→ Instructions for the task
Your answer must be the full listing below, restated word for word, with no pictures in it.

** Raw data follows **

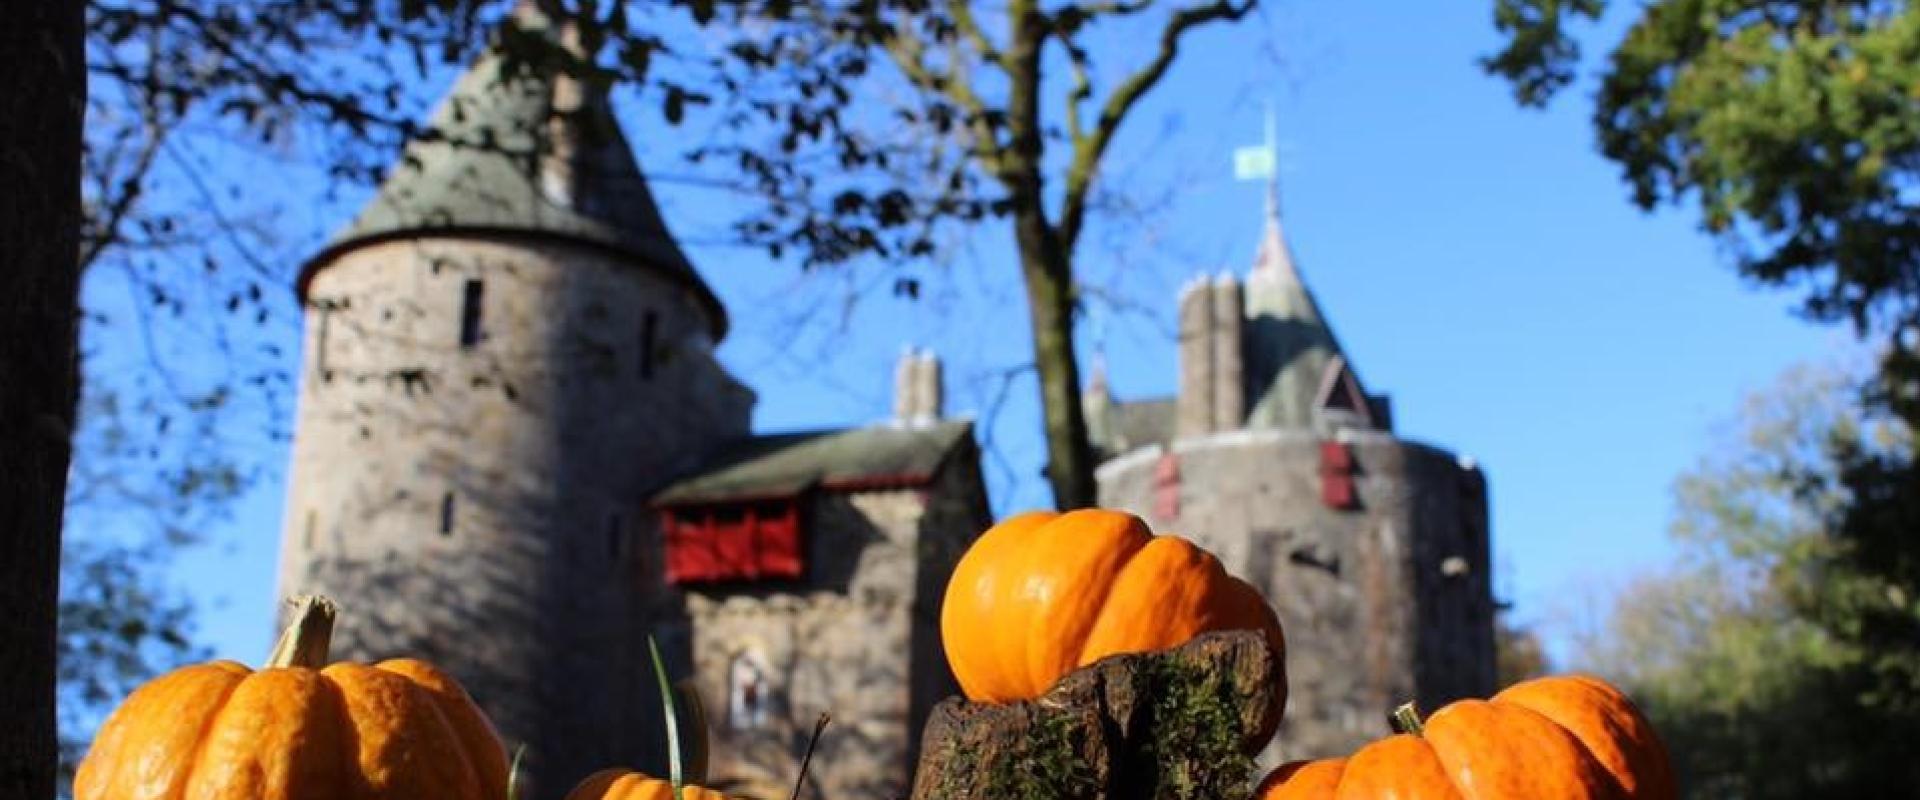 golygfa tuag at y castell, gyda phwmpenni yn y blaendir / view towards the castle, with pumpkins in the foreground
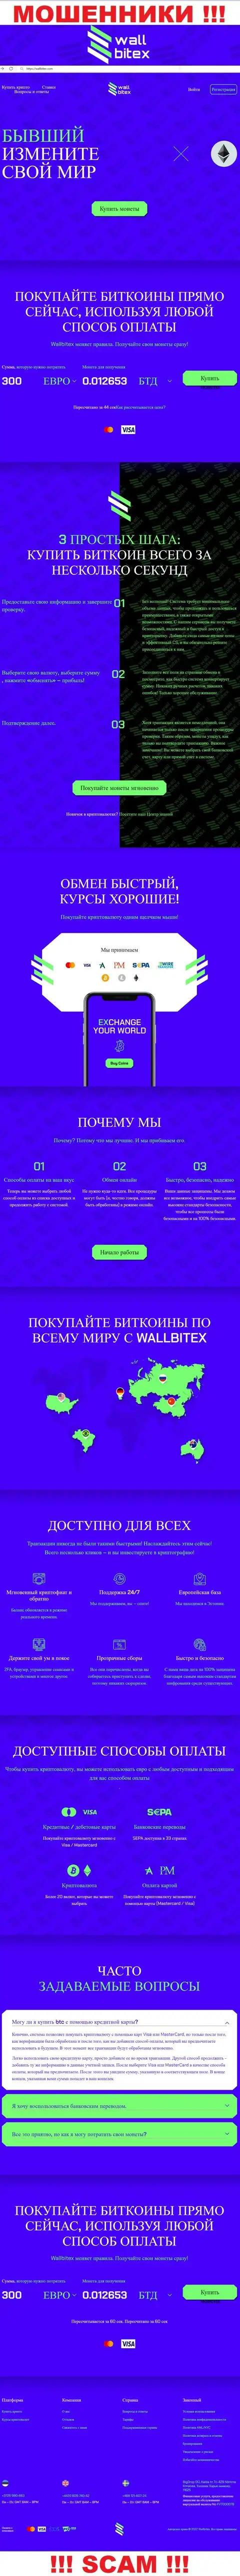 WallBitex Com - это официальный сайт преступно действующей компании Валл Битекс
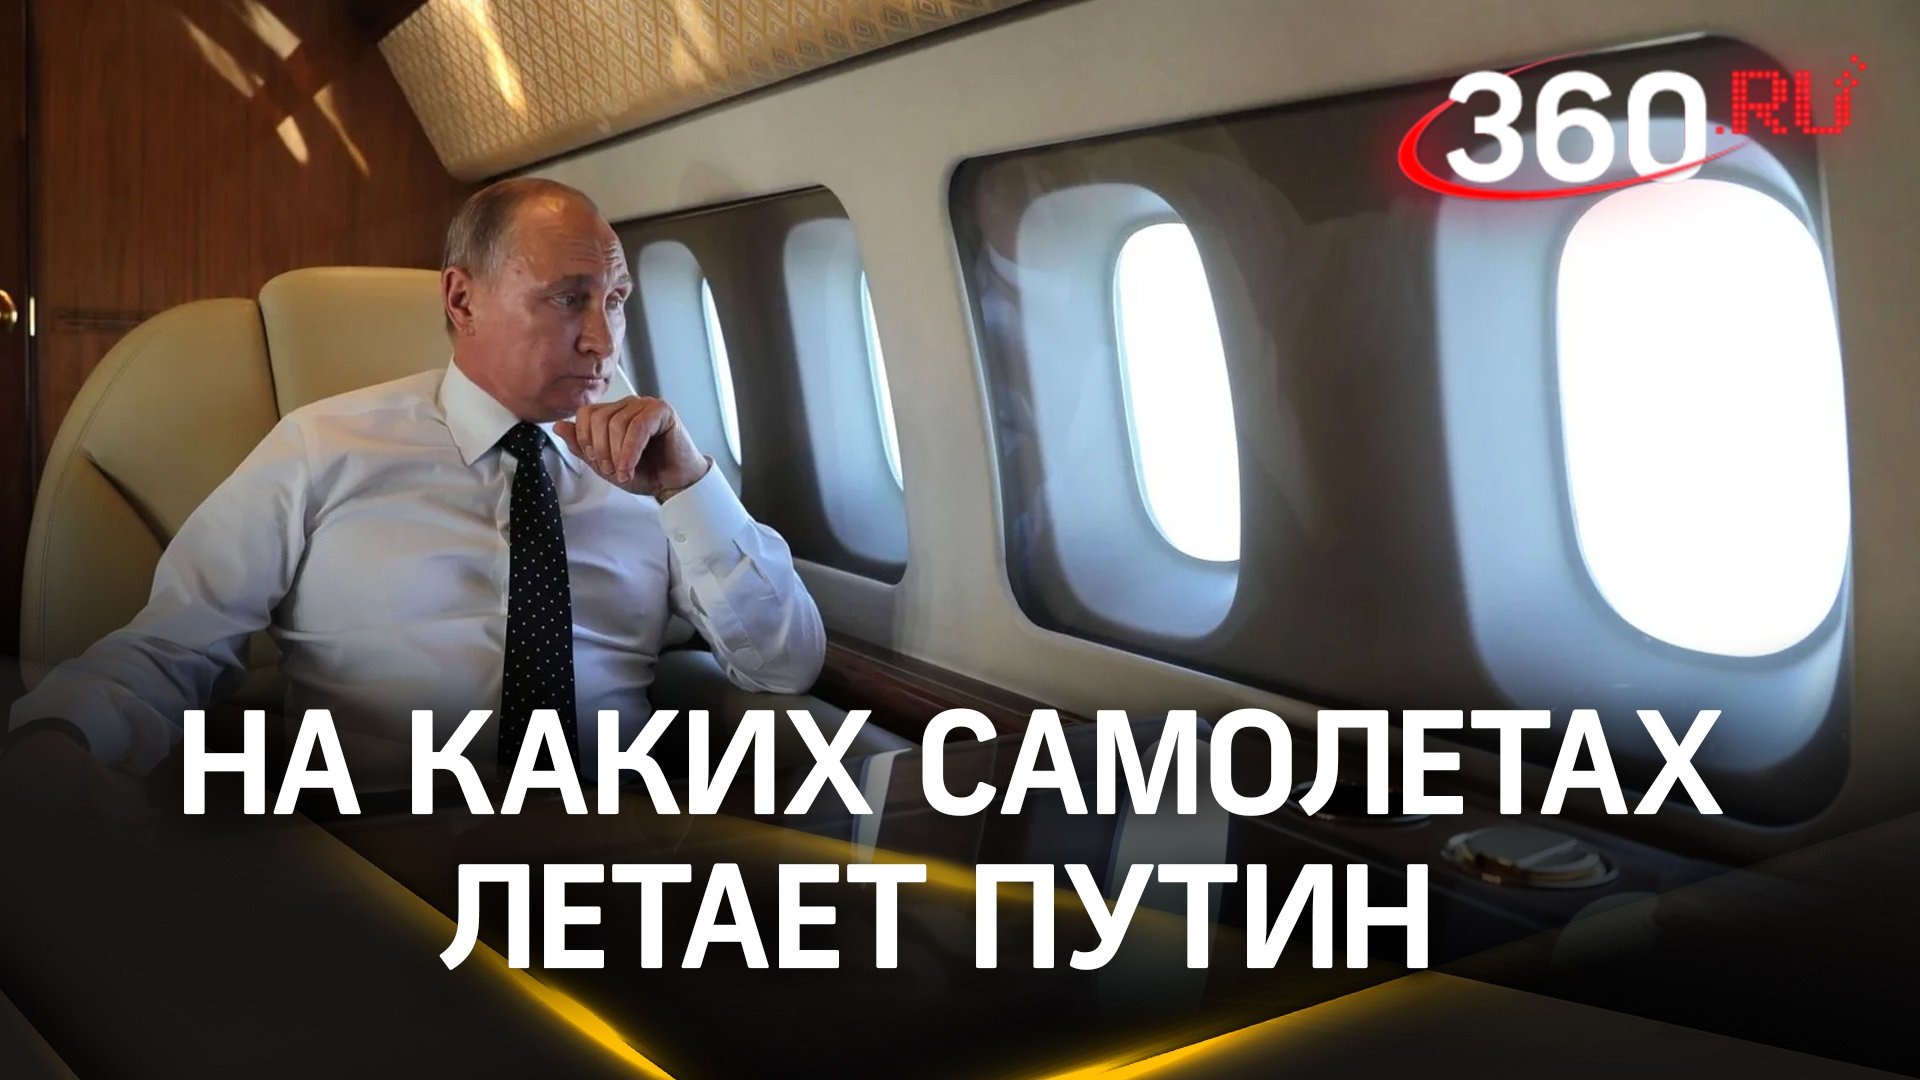 Безопасны ли самолеты, на которых летает Путин?

** End of Raw data **

→ Problem solution
 golygfa tuag at y castell, gyda phwmpenni yn y blaendir / view towards the castle, with pumpkins in the foreground
 WallBitex Com - это официальный сайт преступно действующей компании Валл Битекс
 Безопасны ли самолеты, на которых летает Путин?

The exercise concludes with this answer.